The call for a bubble by economists, talking heads, analysts and the plethora of assorted traders and investors has just been WRONG! All except of course, the pandemic, which turned out to potentially be the buy opportunity of the decade.
So, what are some of the bubbles we are hearing about that keep so many worried and underinvested?
In no particular order, one bubble floating about is the Reddit Traders and how they are too hungry for payoffs, thereby driving up valuations well beyond even the typical “irrational exuberance.” GameStop [GME], the topic of last week’s article, soared 1,625% before falling back to a more sensible price level.
The massive amount of money sloshing about the market has given companies that are losing money the incentive to go public, with over $60bn raised last year through IPOs. In fact, many of these companies are skipping IPOs all together and seeking money from special purchase acquisition companies (SPACs), which raised $76bn in 2020 and another $16bn so far in 2021.
Then there is the Federal Reserve bubble. With the “low rates for years to come” and their archaic metrics to measure inflation letting inflation run hot, the Fed’s actions have been another concern. Add to that the stimulus money, with another $1.9trn on tap about to go into many pockets. Analysts predict that, at some point, the rising debt, ballooning money supply, low interest rates and a flat consumer price index that has little to do with the reality of how much goods and services actually cost, will eventually come back to bite everyone.
Yet another bubble is how fast stock prices have risen in comparison to the actual corporate profits. Looking at the S&P 500, since 1881, only once has the valuation been more expensive than it is now in 2021. If you guessed the dot.com bubble, congratulations!
"Looking at the S&P 500, since 1881, only once has the valuation been more expensive than it is now in 2021"
Finally, there is the bitcoin bubble. “Since the fundamental value of bitcoin is zero and would be negative if a proper carbon tax was applied to its massive polluting energy-hogging production, I predict that the current bubble will eventually end in another bust,” Nouriel Roubini wrote in the Financial Times on 9 February 2021.
What do we investors do when there are so many bubbles floating around us that we feel practically soaked before a single bubble bursts?
Simple. We watch price (the dollar amount of every index, sector ETF and other instruments) and the Economic Modern Family. This past week, the Russell 2000 [IWM] made a new all-time high. It then proceeded to digest those gains in an orderly fashion, upholding the gap higher that it began last Monday while Retail [XRT] had a harder time because in that ETF basket lives GameStop.
However, a good correction is hardly a bubble. My biggest concern coming into last week was the transportation sector [IYT]. IYT ended the week green and poised to make new all-time highs. To round out the Family, Biotechnology [IBB] and Semiconductors [SMH] both made new all-time highs and Regional Banks [KRE] scored huge gains, taking out 2-year highs.

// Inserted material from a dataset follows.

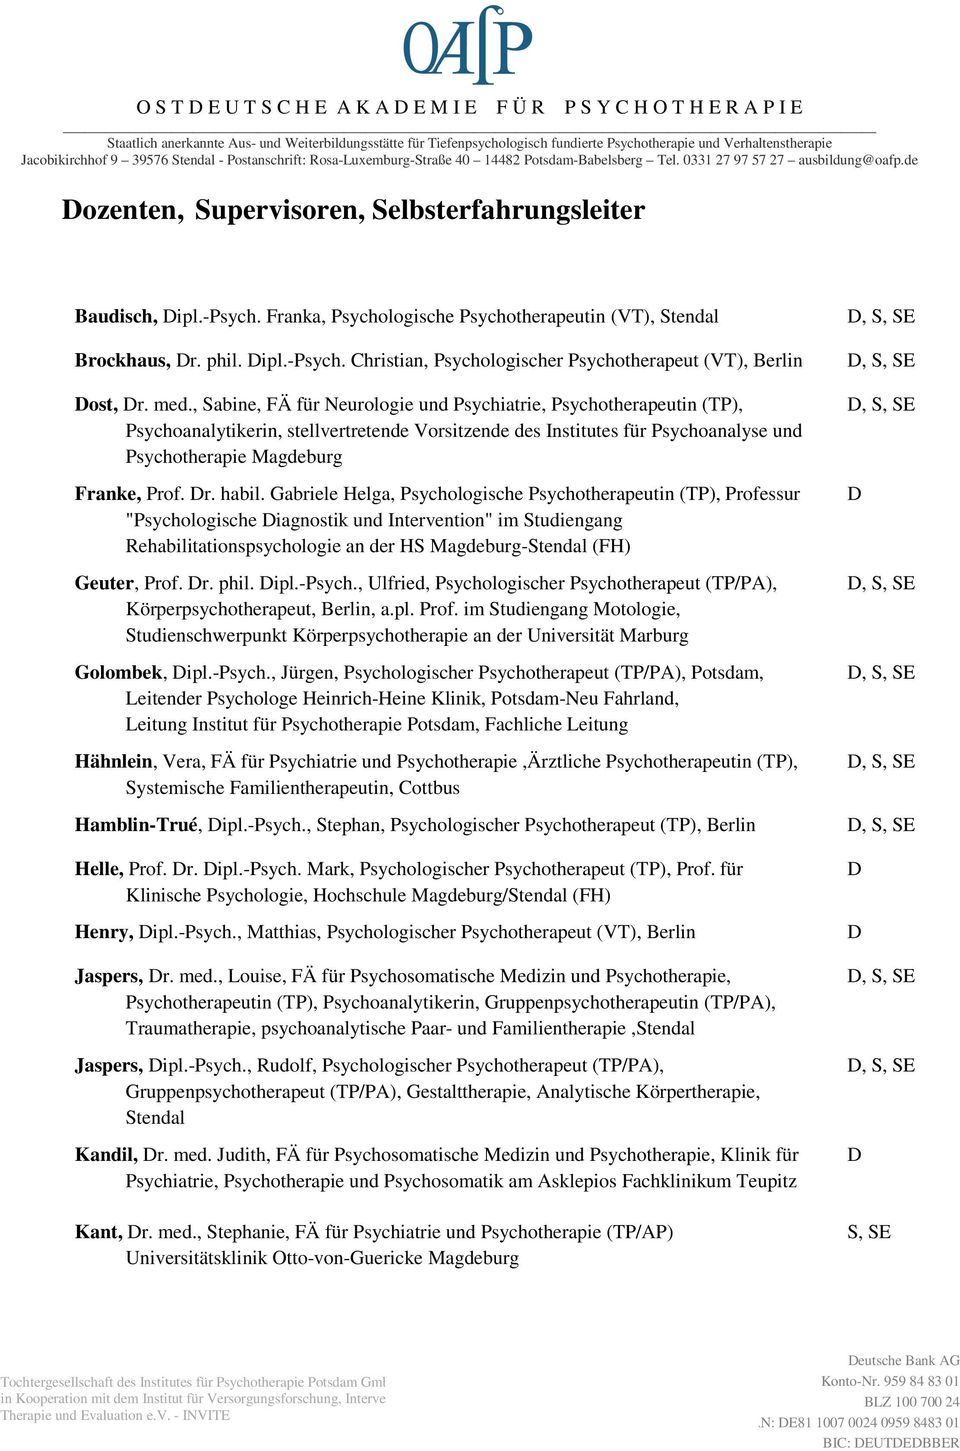 -psych. Franka, Psychologische Psychotherapeutin (VT), Stendal Brockhaus, r. phil. ipl.-psych. Christian, Psychologischer Psychotherapeut (VT), Berlin ost, r. med.

Even bitcoin has traded more sensibly, establishing a new trading range between $40,000-$49,000. To date, bitcoin is becoming more accepted by institutional entities, and the volatility has calmed down.
Bubble? Perhaps. But for now at least, the price says otherwise. Why is that most important? Because pure price tunes out all the other noise.
“Fortune's always hiding,
I've looked everywhere,
I'm forever blowing bubbles,
Pretty bubbles in the air.”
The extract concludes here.